Local Historic Landmarks


Maximo Beach Archaeological Site
Maximo Park
HPC #91-05, Designated January 1992

The Maximo Beach archaeological site is one of the few large shell middens remaining in St. Petersburg. The site was occupied during the Paleo-Indian through the Spanish Contact periods, roughly 12,000 BP (Before Present) to 1528 AD. The Maximo Beach site consists of large shell midden deposits that date from the late Archaic through the Spanish Contact period. Artifacts dating to the Paleo-Indian and Early Archaic periods (10,000-5,000 BP) have also been found along the beach and in the offshore mudflats by collectors. These Paleo-Indian sites have become inundated by rising sea levels over the past 8,000 years and presently lie beneath the water of Boca Ciega Bay. During its later occupation in the Safety Harbor Period (AD 1000 to 1500) this site was probably related to the larger and extremely significant mound and midden temple complex at Maximo Point. Most of the known archaeological sites in the Central peninsula gulf coast region occur at points where streams enter the Gulf of Mexico. There, the- Indians could take advantage of several ecological niches within a short distance. Although agriculture may have been practiced, fish, shellfish and upland game were the major items of subsistence. It should be noted that it is certain that after glacial times the rise of the relative level of the gulf has drowned many sites, which now lie offshore.

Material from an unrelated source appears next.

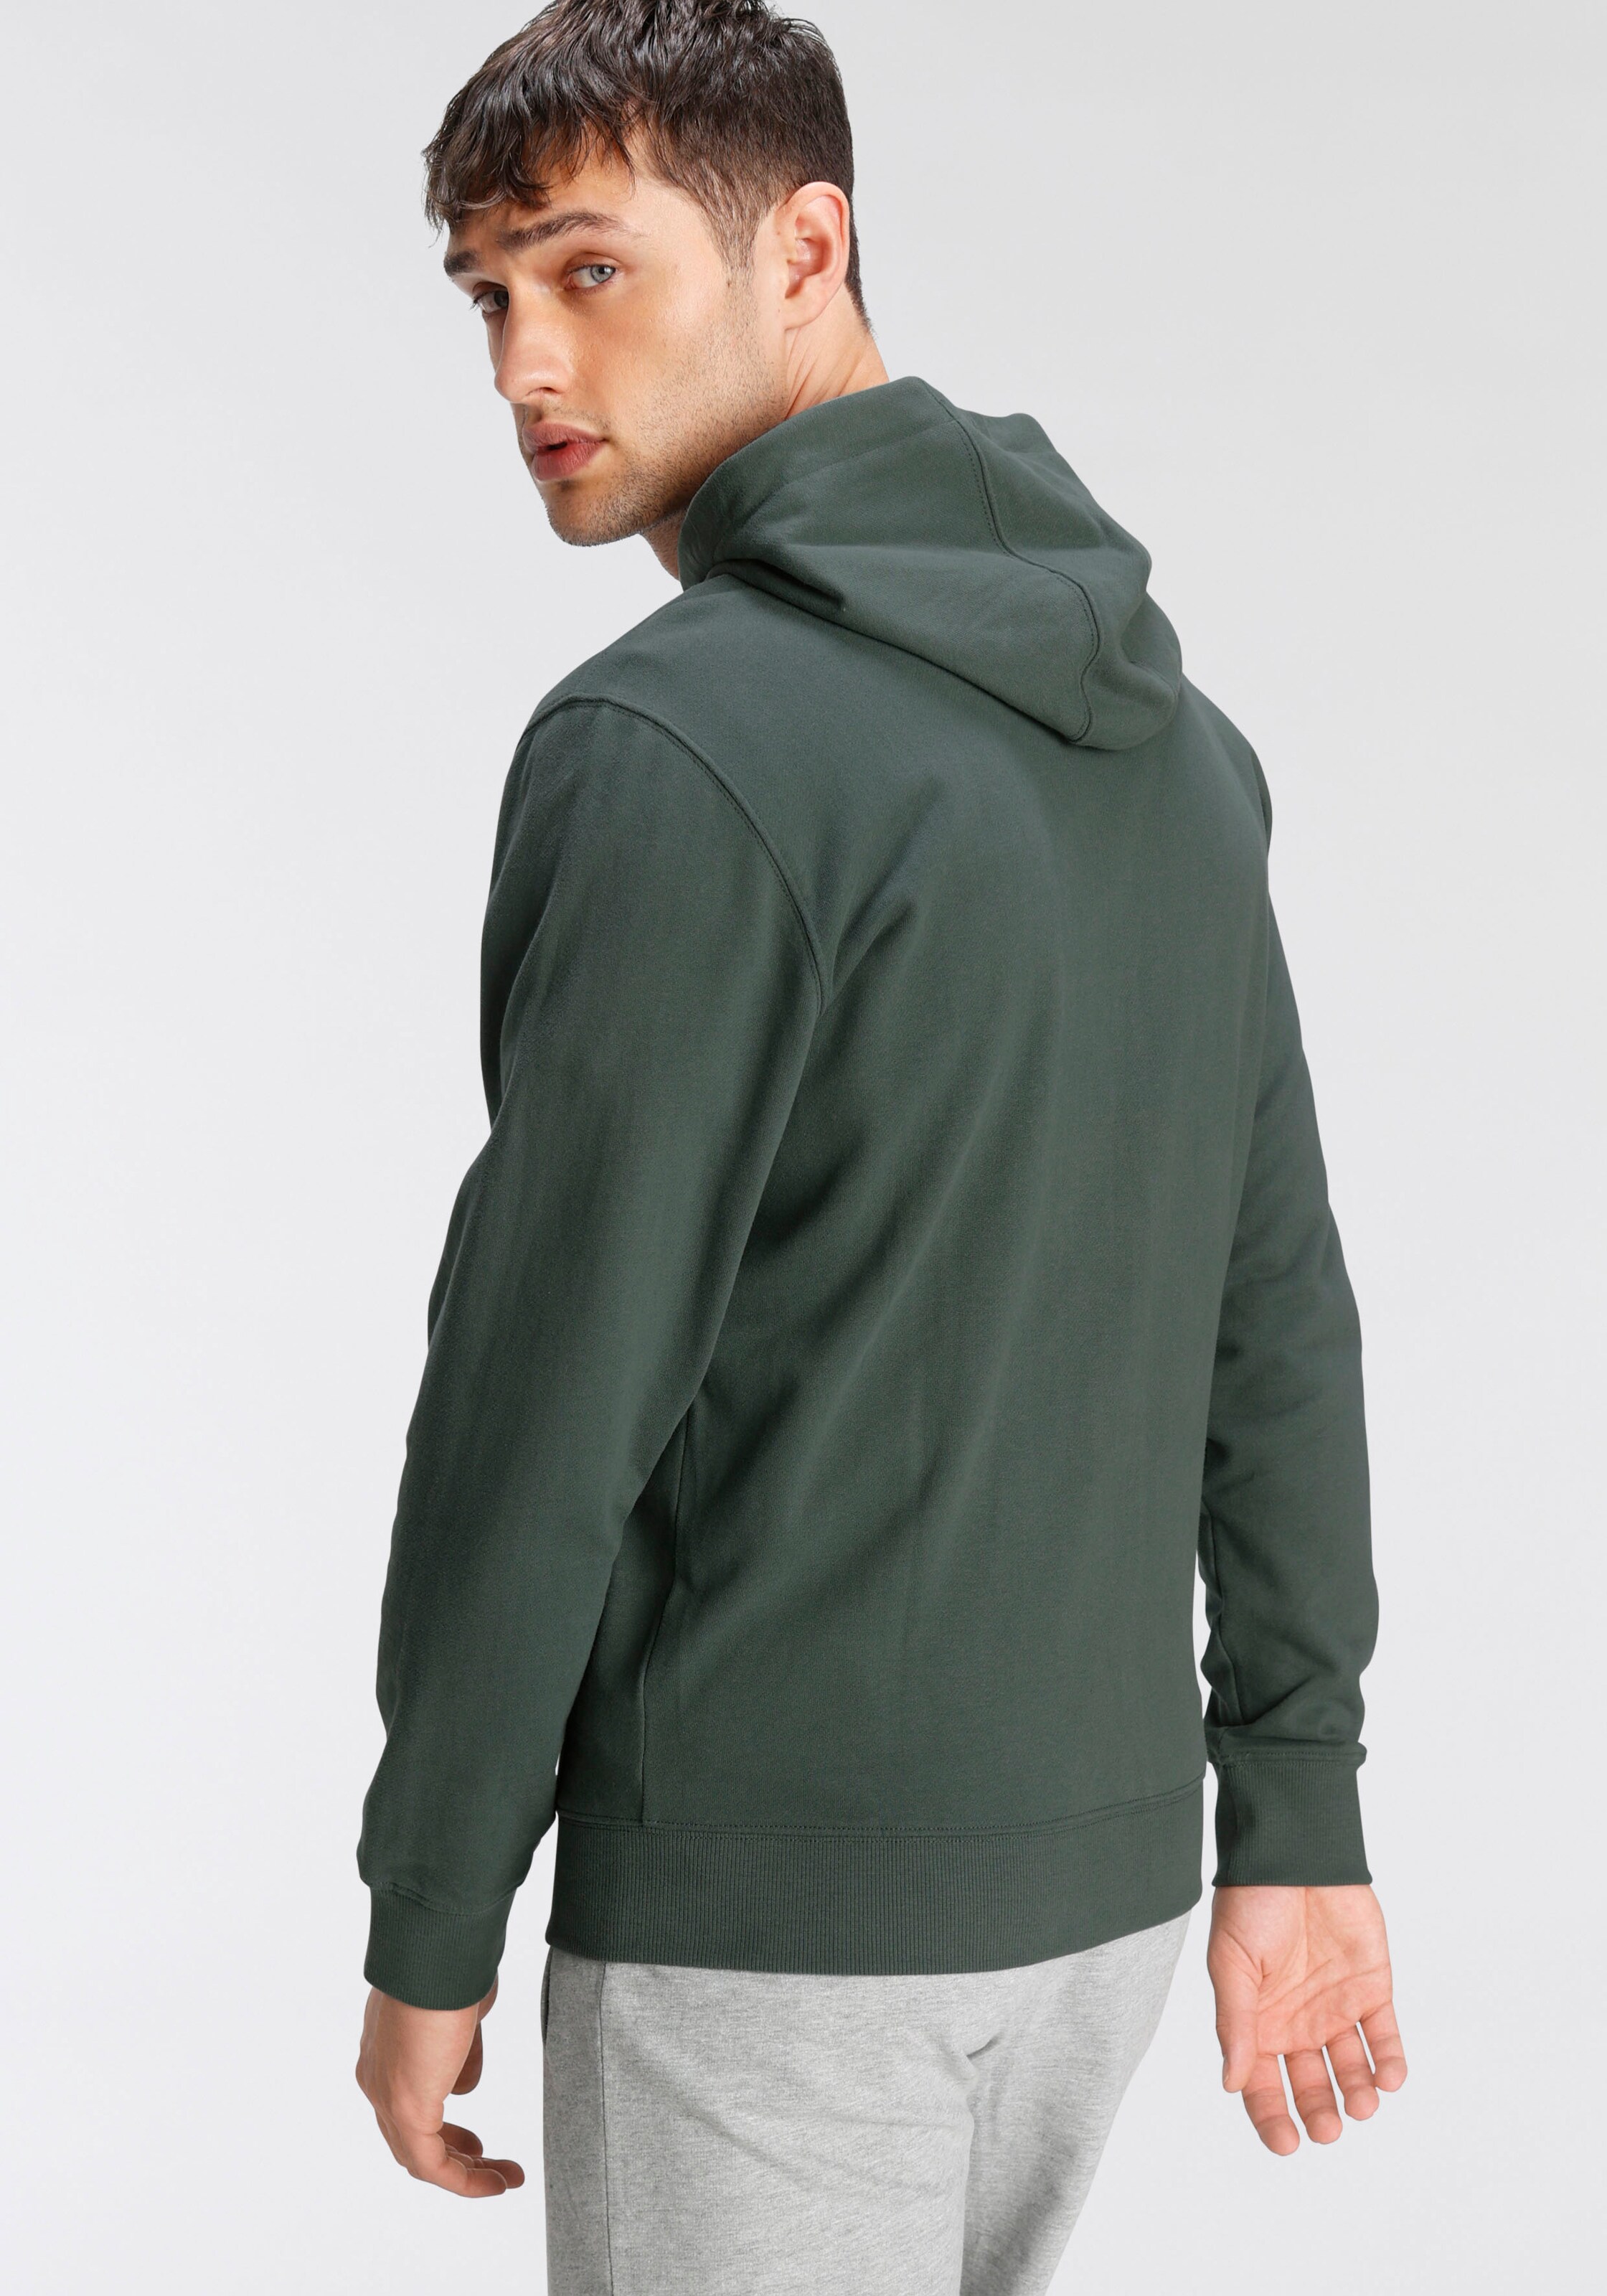 Männer Große Größen OTTO products Sweatshirt in Grün - YX97599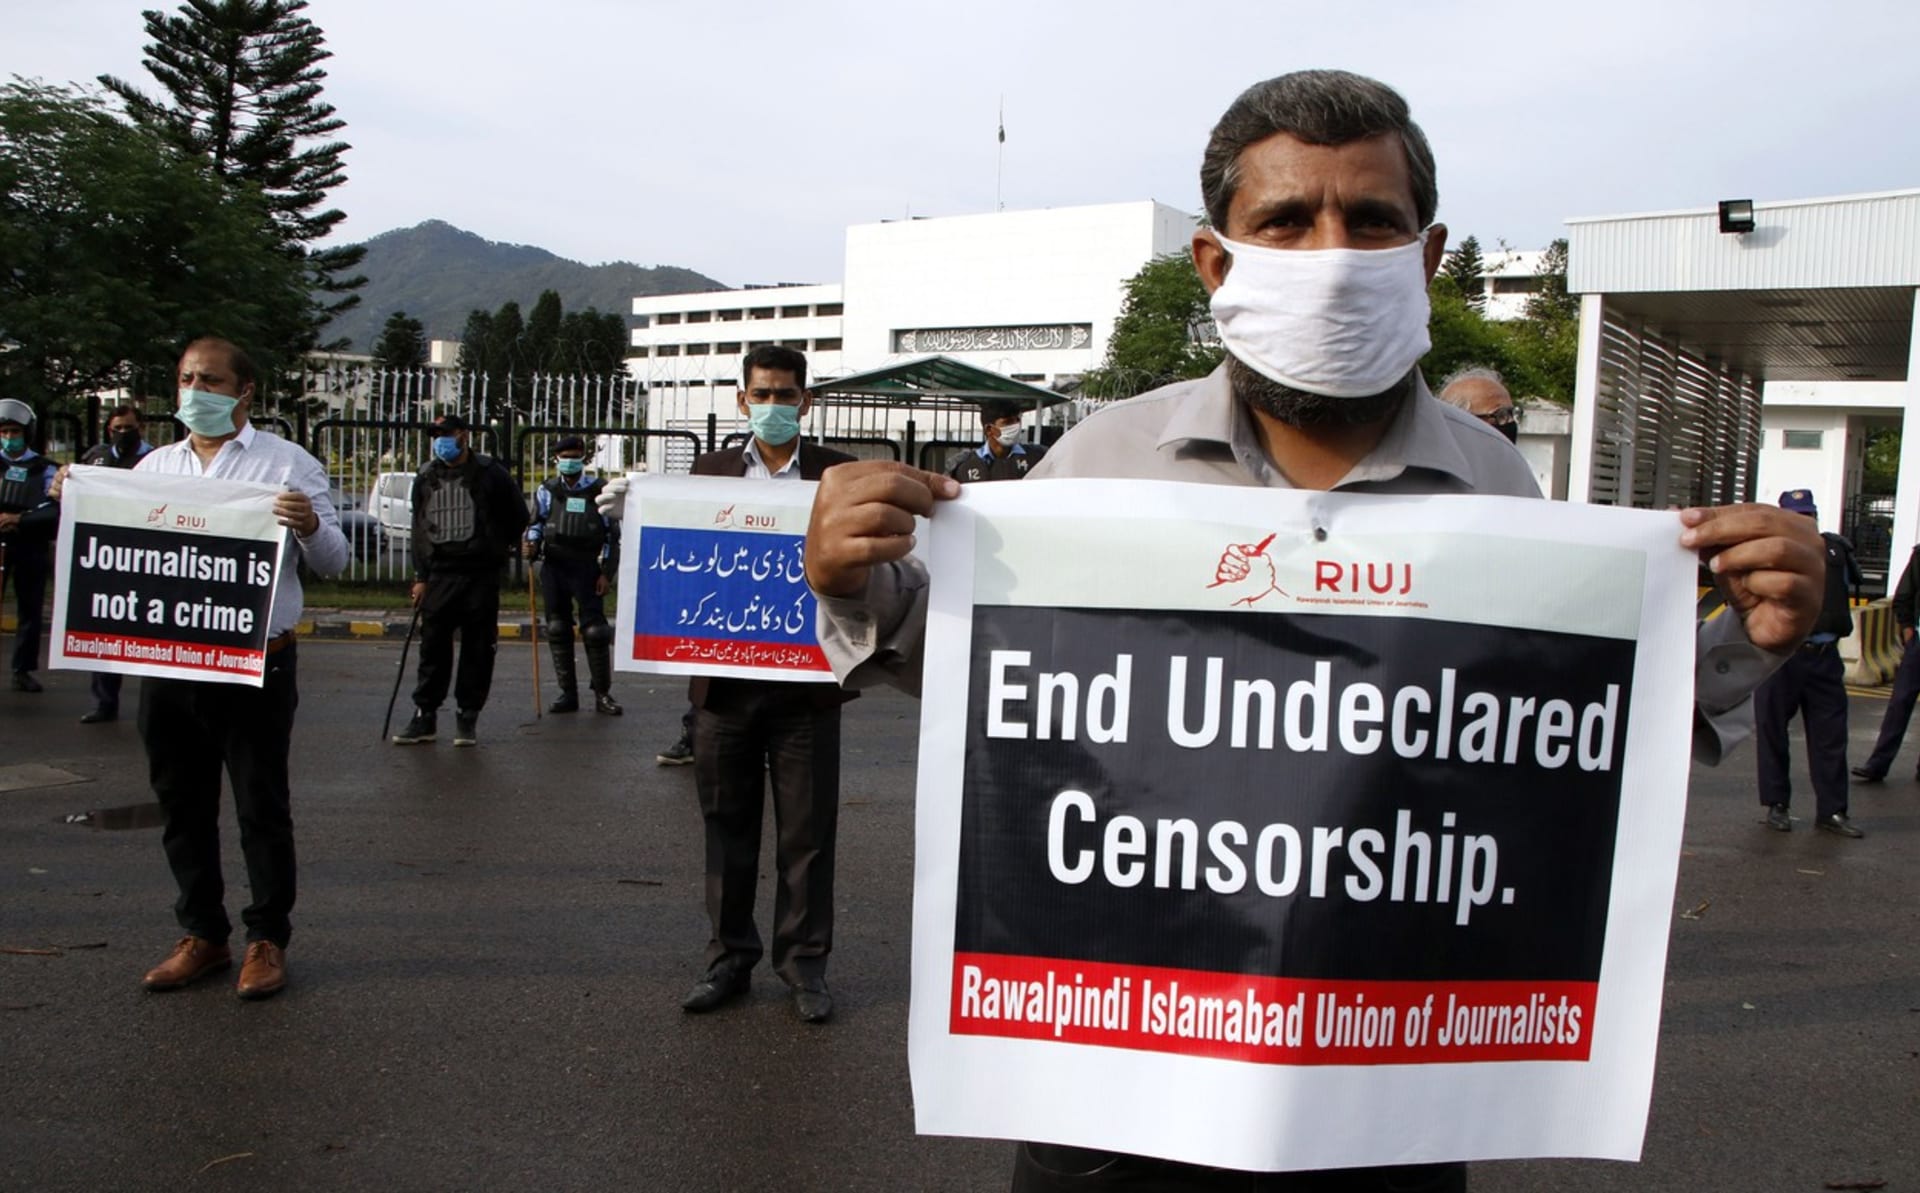 Proti nezávislým novinářům brojí mimo jiné režim v Pákistánu.

Sherds (fragments) of Spanish olive jars (majolica) have also been found by collectors along Maximo Beach. These sherds are probably from the mid-nineteenth century homestead of Antonio Maximo Hernandez, reputedly the first white settler on the Peninsula. Maximo was a fisherman, businessman, guide, landowner and fishing guide for soldiers at Fort Brooke near the mouth of the Hillsborough River. He also took soldiers to Egmont Key in search of turtle eggs and aided the Army during the Second Seminole War. For this service he was reportedly given a land grant at Frenchman's Creek in 1842 after he provided assistance to Robert E. Lee when he and his troops came through the area looking for Seminole Indians. Lee took on Maximo as his scout and was led up the Caloosahatchee River, an effort leading to Lee’s commendation of Maximo to the War Department. Maximo originally was to be assigned 160 acres as a land grant under the Armed Occupation Act, which stipulated settlers would be granted 160 acres if they built habitable homes, cleared at least five acre of land, planted crops and agreed to bear arms against the Indians.

Maximo was the owner of a "fish rancho" on the lower end of Pinellas Point (then called Punta Pinal) and a supplier for the Cuban fish market, an occupation wiped out in the 1848 hurricane and thereby causing him to return to his native Havana, where he died. The original fish rancho remained in the hands of Maximo's widow, Dominga Gomez, until she sold it in the 1880s. Dominga later married a Frenchman who lent his nationality to the naming of Frenchman's Creek, on which the original Maximo land grant was sited. The land was eventually sold for unpaid taxes and became City property. A marker is located on the Eckerd College property to commemorate the first homestead in Pinellas County, although an 1840s plat map clearly shows Hernandez's homestead in Section 10, within the park boundaries. Thus the exact location of the original buildings may never be known.